## Stored data
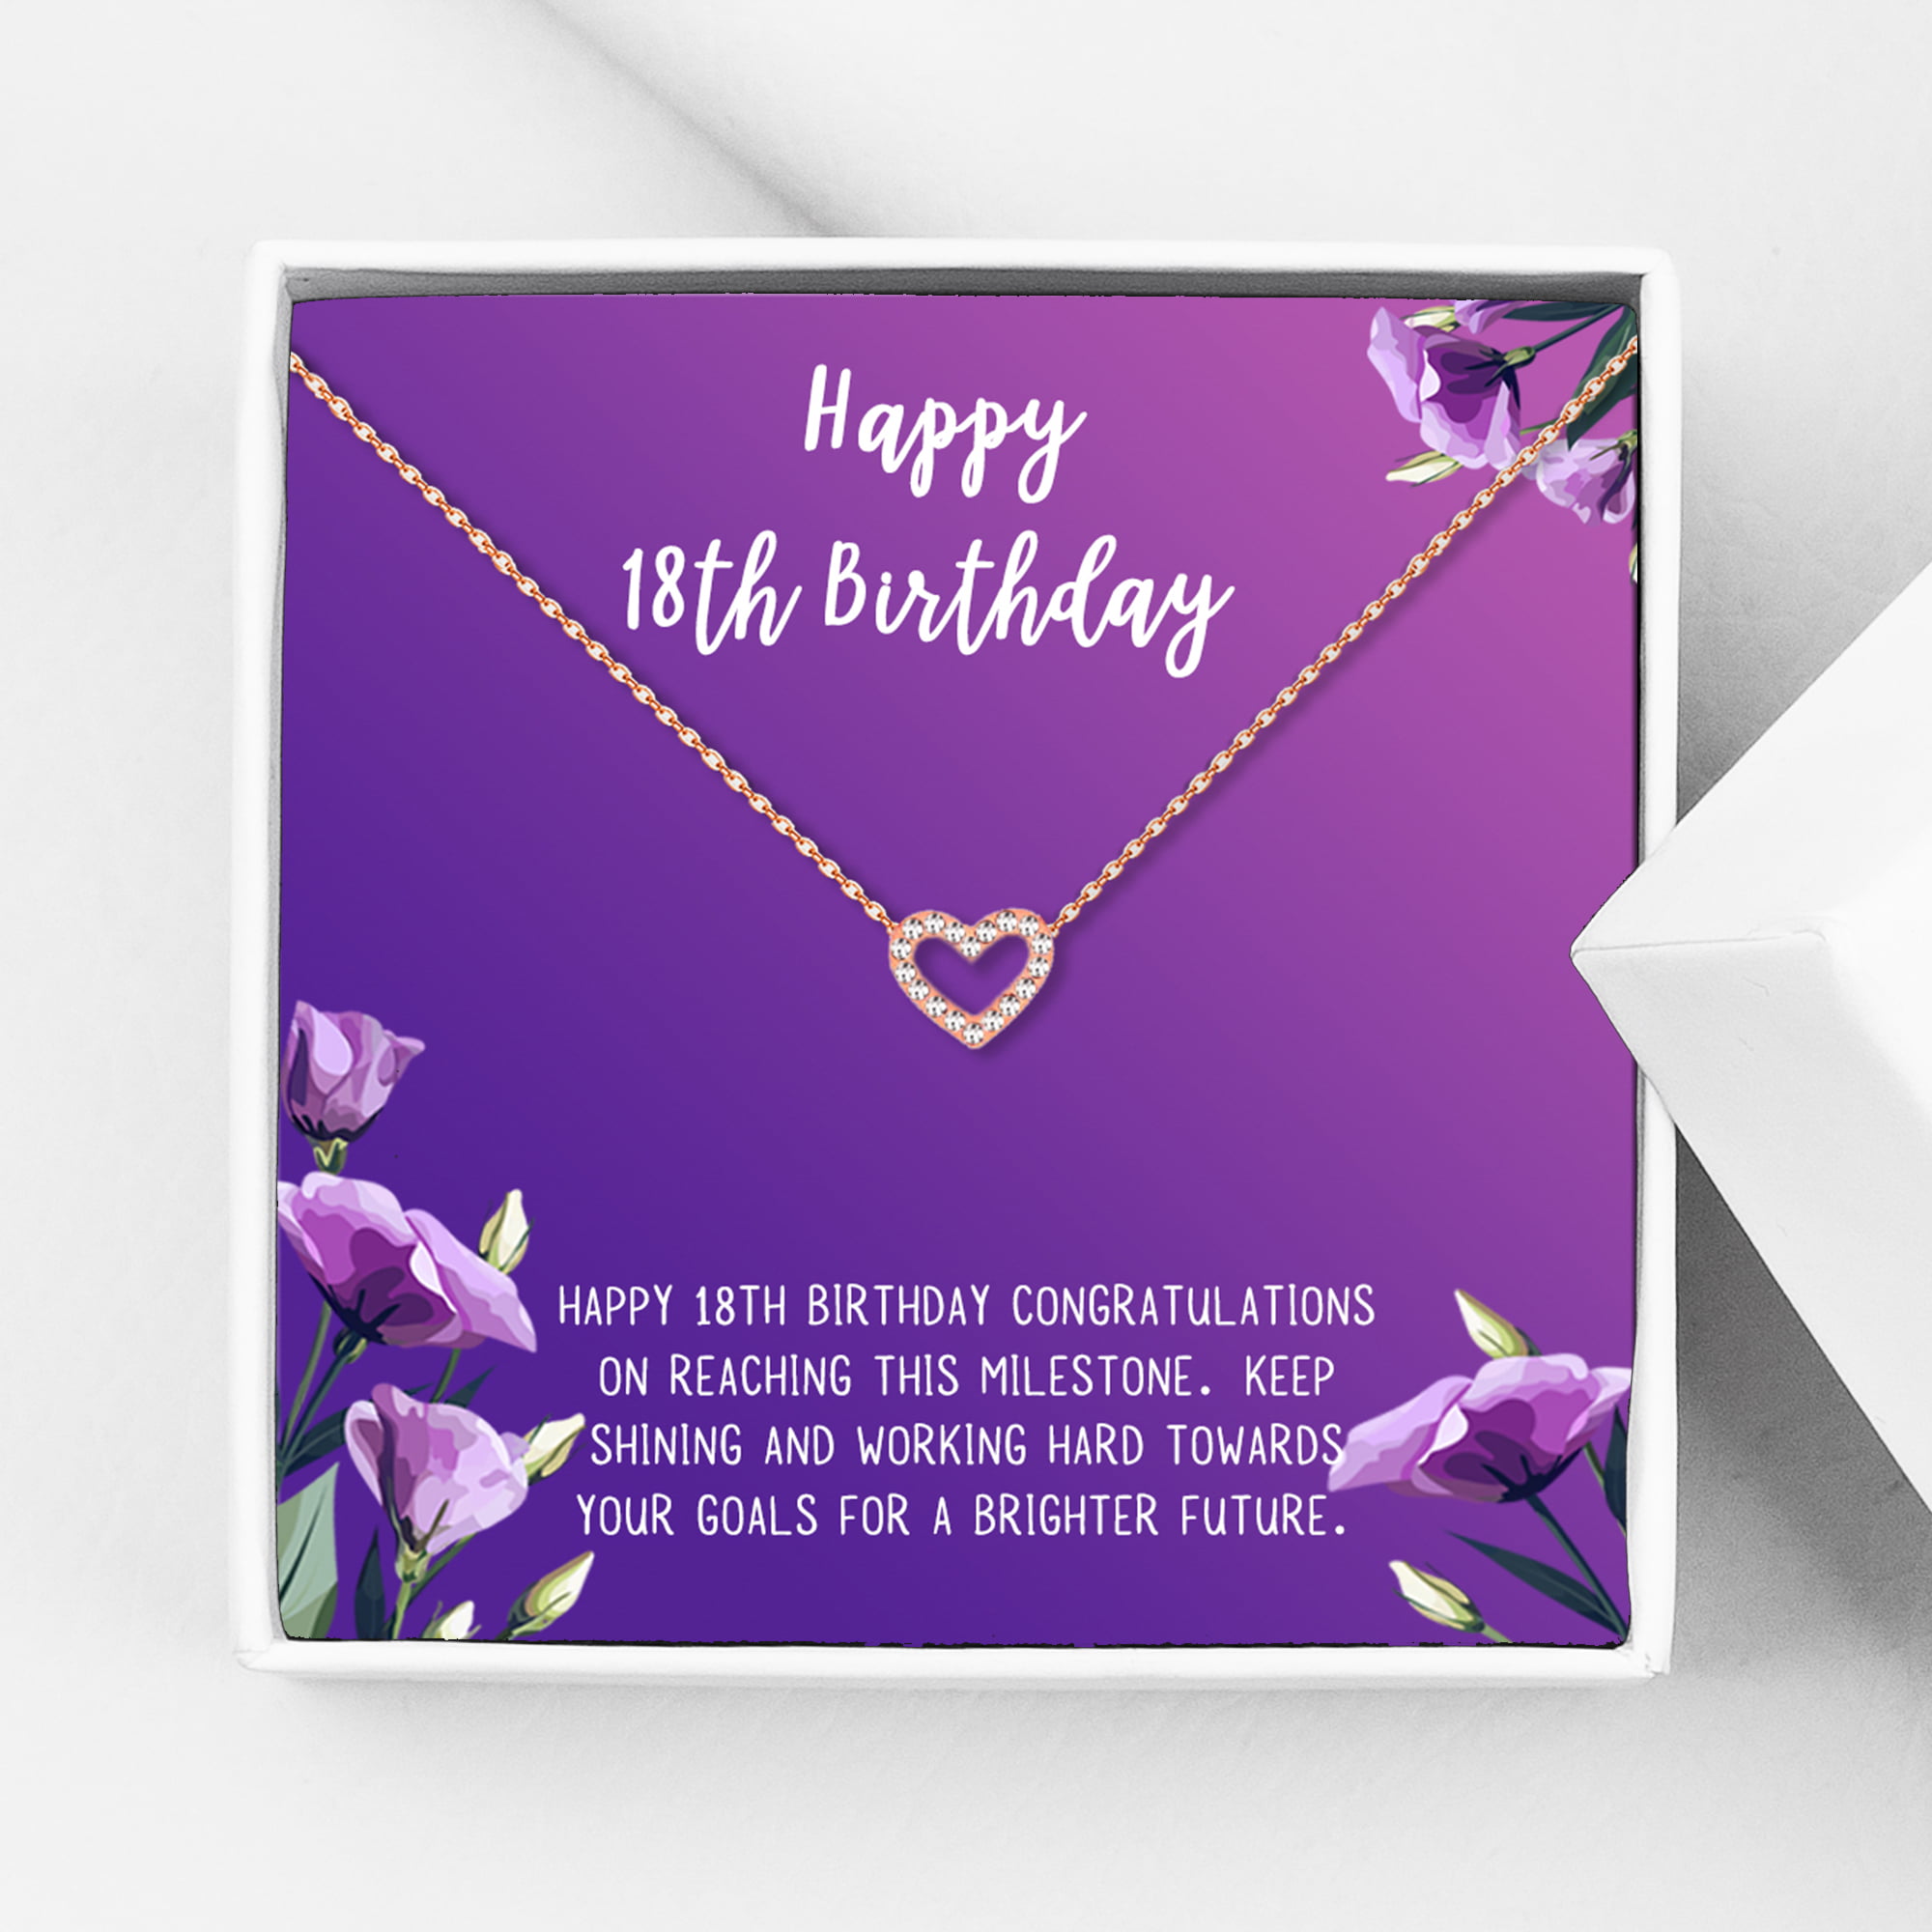 Details about   PERSONALISED HANDMADE BIRTHDAY CARD 18th 21st 40th DAUGHTER SISTER GRANDDAUGHTER
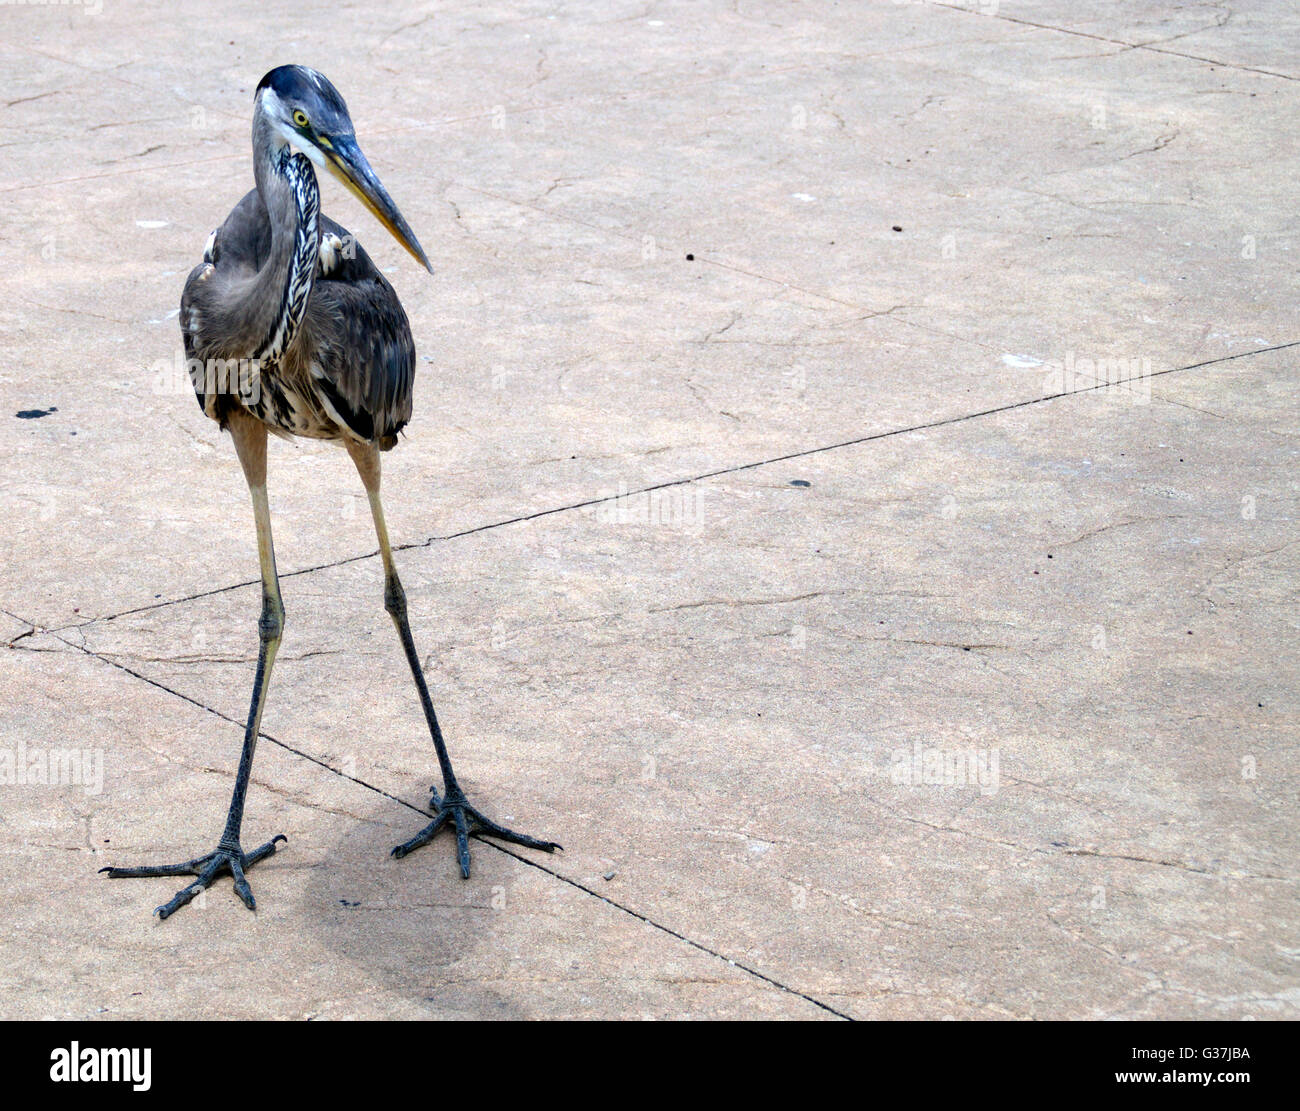 A bird found eagerly waiting for a fisherman's catch at a dock. Stock Photo
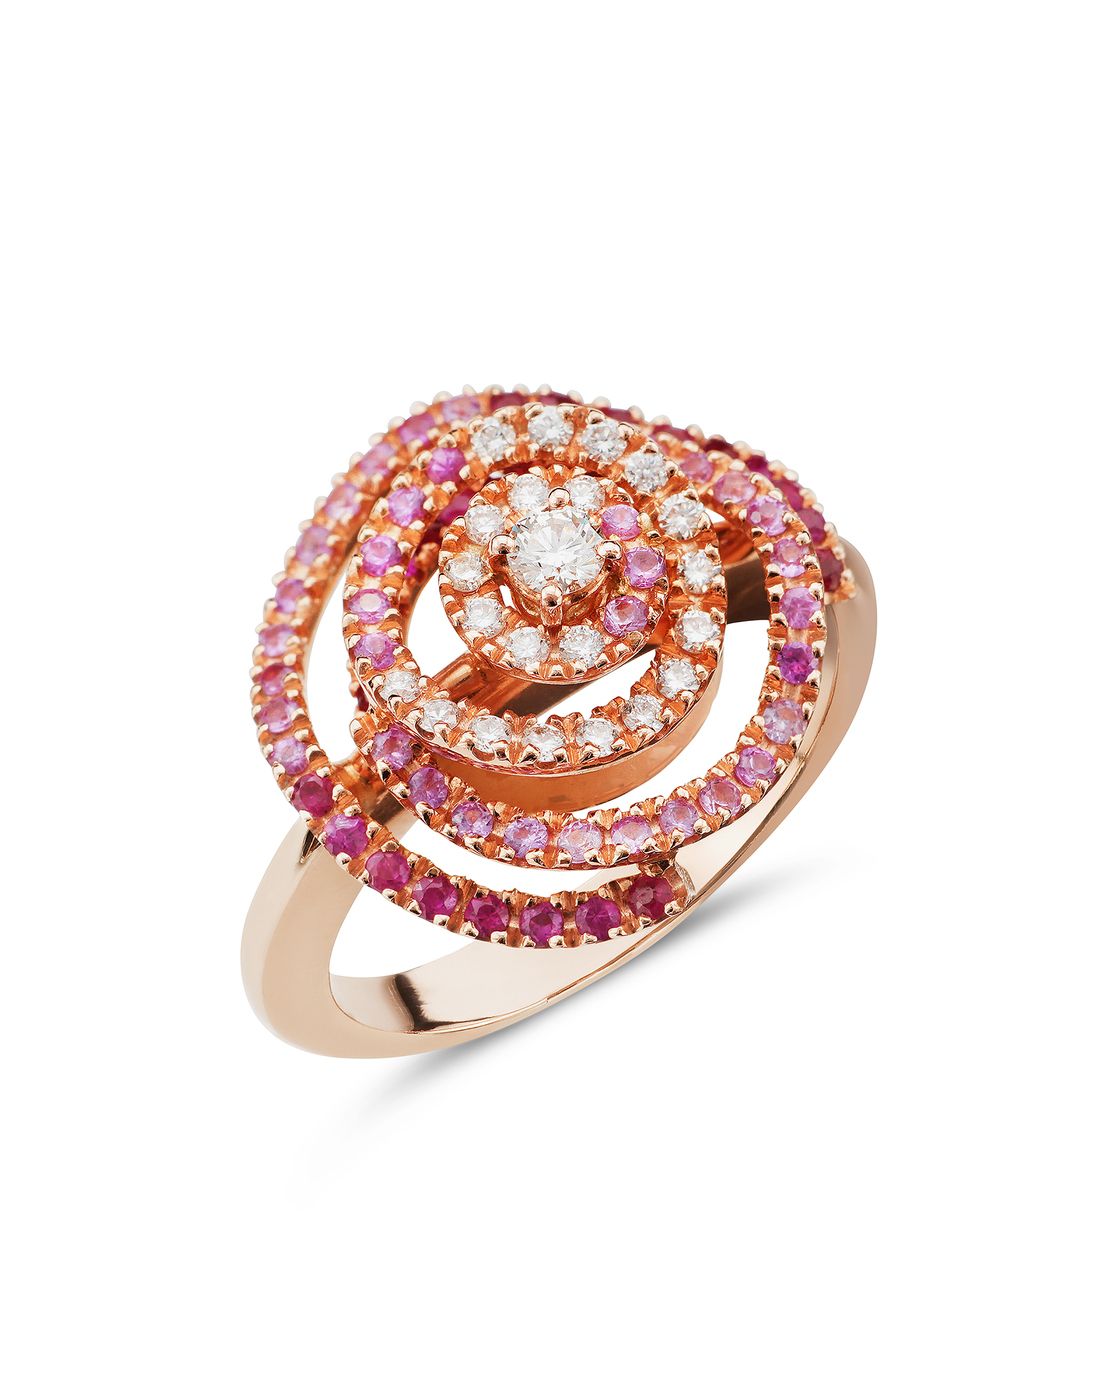 Leonori Gioielli Throughout Pink Sapphire And Rose Gold Cocktail Rings (View 22 of 25)

## Problem details
What you return should be the whole listing, word for word, without its pictures.

## Result of this exercise
 Details about   PERSONALISED HANDMADE BIRTHDAY CARD 18th 21st 40th DAUGHTER SISTER GRANDDAUGHTER
 A bird found eagerly waiting for a fisherman's catch at a dock. Stock Photo
 Leonori Gioielli Throughout Pink Sapphire And Rose Gold Cocktail Rings (View 22 of 25)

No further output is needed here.